La Cina sulla rotta dei ghiacci. È la rivoluzione dei commerci

Per la prima volta un mercantile di Pechino verso l'Europa attraverso l'Artico. Risparmierà 15 giorni a viaggio e 700 miliardi. Ma Mosca non gradisce

La Cina sulla rotta dei ghiacci. È la rivoluzione dei commerci

Un tempo era la Guerra Fredda. Oggi è la «guerra del ghiaccio». E a combatterla stanno arrivando anche i cinesi. I primi a disegnarne la linea del fronte furono, nell'agosto 2007, due batiscafi russi spediti ed esplorare 1800 chilometri di montagne e fiordi sottomarini conosciuti come dorsale Lomonosov e a piantare la bandiera di Mosca 4000 metri sotto il Polo Nord. Con quella spedizione Vladimir Putin fece capire di esser pronto a giocare la partita per il controllo delle rotte artiche di nord est e dell'eldorado sommerso in cui si celano, si dice, il 13 per cento delle riserve di petrolio e il 30 per cento di quelle gas del pianeta. Ma più di quel tesoro ibernato ed ancora irraggiungibile contano le rotte i commerci. E quando si tratta commerci i cinesi non si tengono certo in disparte.

Così, cinque anni dopo l'inizio delle ostilità, ecco scendere in campo la Yong Sheng, un mercantile di 19mila tonnellate salpato lo scorso 8 agosto da Dalian, nella Cina nord orientale, e diretto a Rotterdam. La decisione di Pechino di entrare nella grande competizione per il controllo dell'Artico è tutta nella rotta del mercantile. La Yong Sheng, a differenza del solito, non attraverserà il canale Suez, ma lo stretto di Bering. Da lì, dove è attesa il 25 agosto, punterà sul mar di Barents per poi scendere lungo la costa norvegese ed approdare alle banchine di Rotterdam. Grazie a questo tragitto, mai tentato prima dai cinesi, il mercantile dovrebbe tagliare di 15 giorni i tempi di navigazione e ridurre notevolmente i consumi di carburante.

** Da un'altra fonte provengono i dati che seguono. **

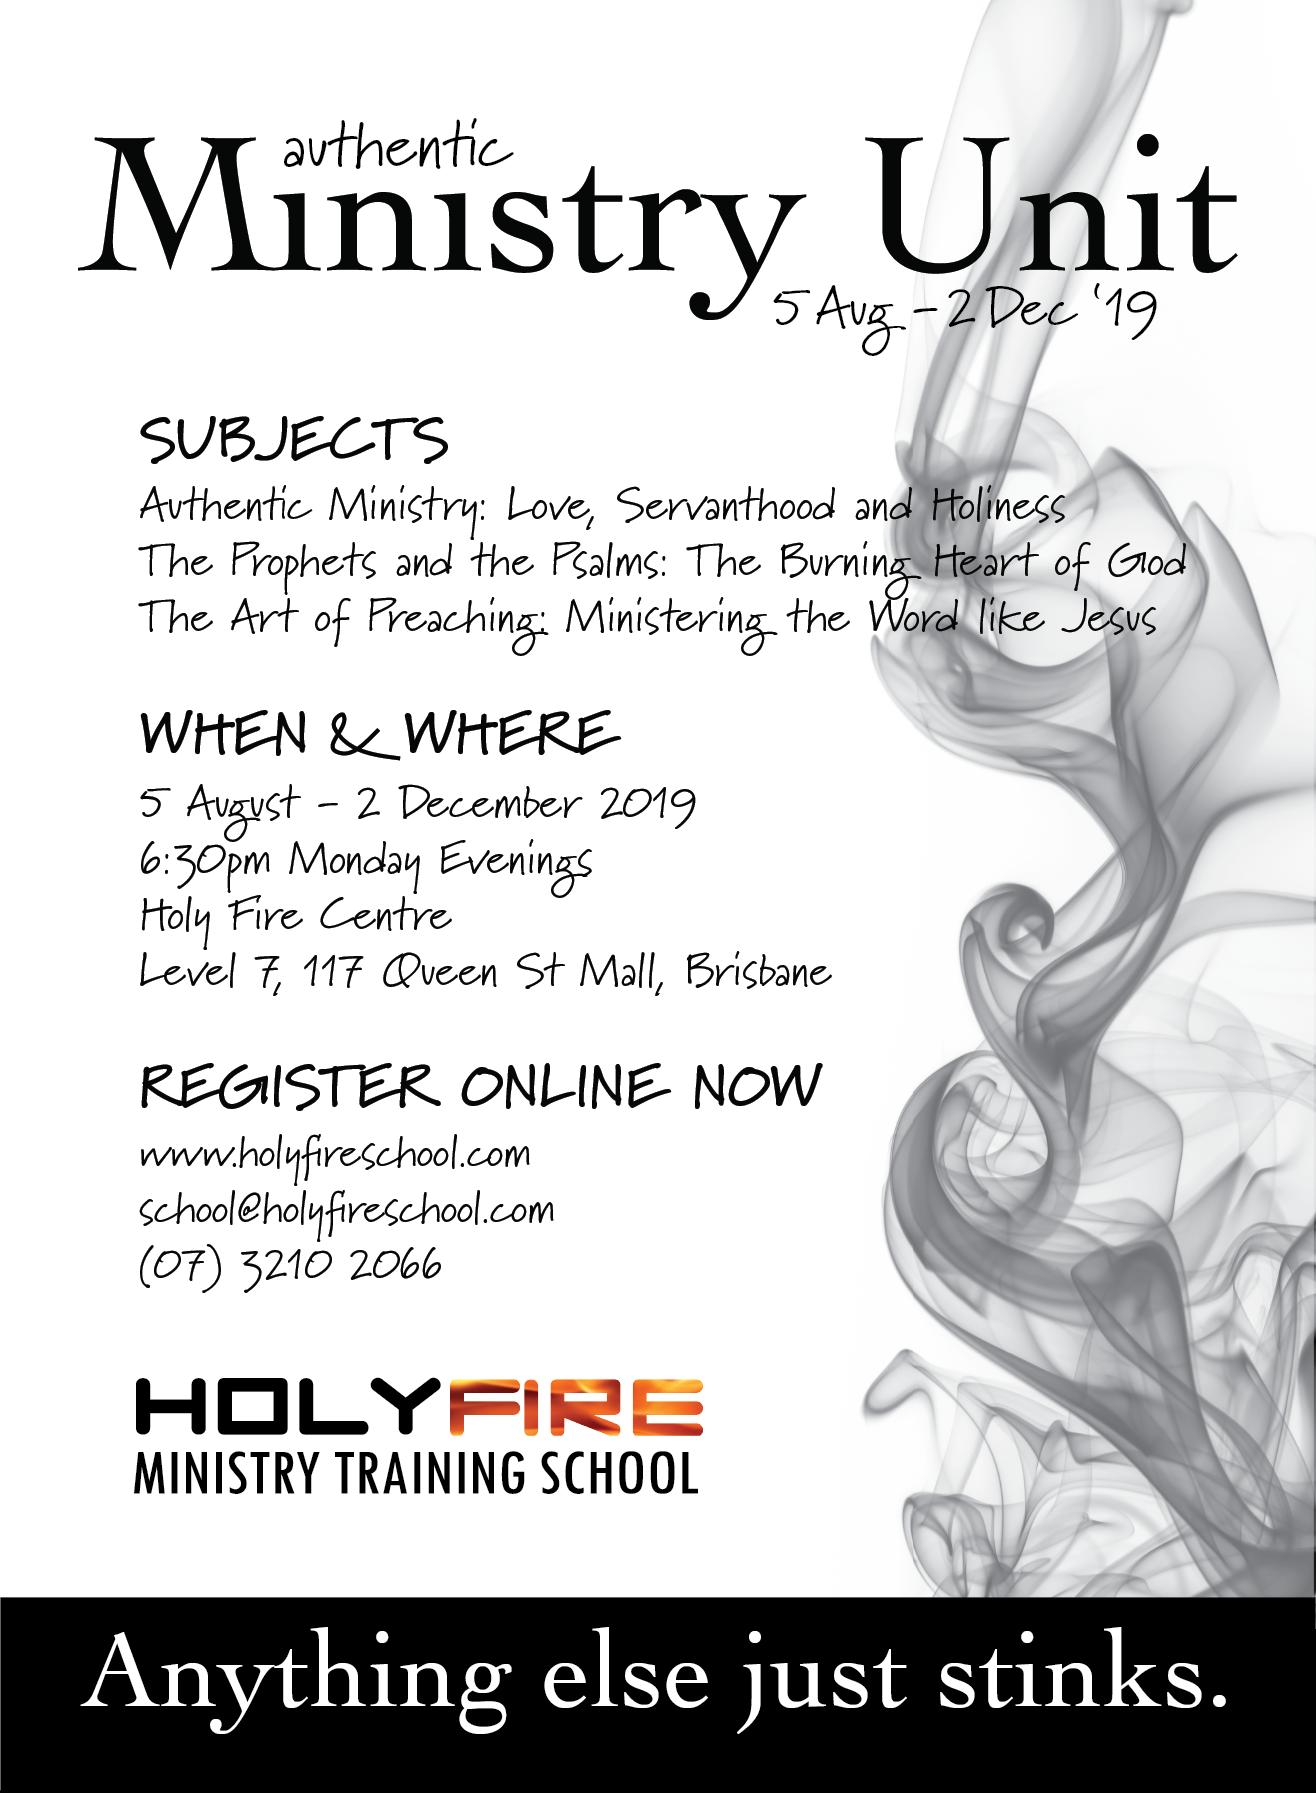 Ministry Unit 2019 Postcard S2 XL.png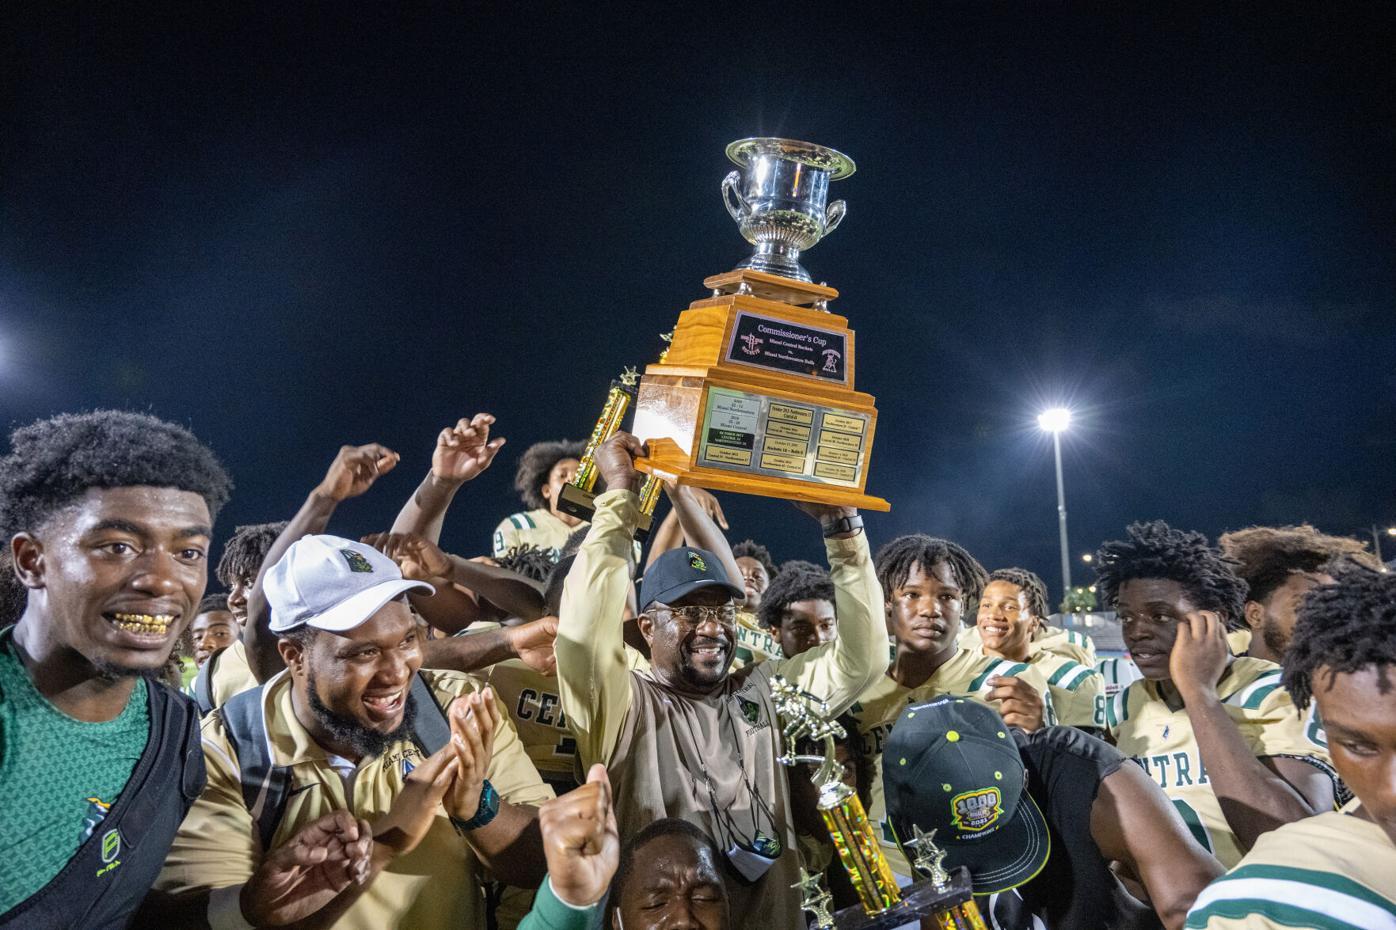 raises the Commissioner Cup trophy

Dietro la missione dello Yong Sheng si cela un affare capace di rivoluzionare i traffici tra Europa ed Estremo Oriente e garantire a Pechino commerci sempre più lucrosi. Secondo gli analisti di Pechino spostando solo il dieci per cento dei commerci sulle rotte dell'Artico si risparmierebbero 683 miliardi di dollari mentre il fatturato dei porti nord orientali del Continente giallo potrebbero raggiungere il fantastico fatturato di 7,6 trilioni di dollari. La chiave di quest'affare trilionario è lo scioglimento dei ghiacci della calotta artica ridottisi - comparando le rilevazioni dello scorso 15 luglio a quelle del 1981 - di oltre 1 milione e 60mila chilometri quadrati. Così là dove 30 anni fa regnava il bianco perenne possono ora transitare navi e flotte di tutto il mondo.

Per capire l'entità e la potenzialità della rotta basta seguire l'intensificazione dei traffici registratasi dal 2009, quando la ritirata dei ghiacci permise per la prima volta a due navi di sperimentare la rotta dall'Asia all'Europa costeggiando la Russia settentrionale. Nel 2010, dopo quel primo esperimento, i capitani coraggiosi pronti a tentar la nuova via erano già 18. Salirono a 34 nel 2011, diventarono 46 l'anno passato e quest'anno sono già 204. L'unico intralcio alla potenziale cornucopia appresentata dalle rotte artiche di nord est è la Russia. Mosca, come già ha fatto capire fin dall'agosto del 2007, intende mantenere uno stretto controllo sulle nuove rotte e garantirsi una larga fetta delle future risorse artiche. Ma Pechino non ha nessuna intenzione di mollare. Facendo valere la sua potenzialità commerciale e corteggiando i Paesi dell'Europa settentrionale interessati ai suoi prodotti è già riuscita a farsi accreditare come osservatore all'interno del Consiglio Artico, l'organo internazionale - formato da Stati Uniti, Canada, Russia, Svezia, Norvegia, Danimarca, Finlandia e Islanda - incaricato di supervisionare tutti le politiche e gli accordi commerciali riguardanti il circolo polare artico. Per Usa, Canada e Norvegia, impensieriti dalle mosse della Russia anche a livello geo strategico e militare, l'occhio della Cina rappresenta un elemento di pressione.

Nel circolo ristretto chiamato a decidere le sorti del Polo Nord siede come osservatore, in virtù del suo passato di potenza marittima, anche l'Italia.

Ma a differenza degli altri Paesi membri, il nostro guarda con molta preoccupazione allo sviluppo delle rotte artiche: se la Cina abbandonerà Suez per Bering alcuni dei nostri porti rischieranno la chiusura per mancanza di commesse.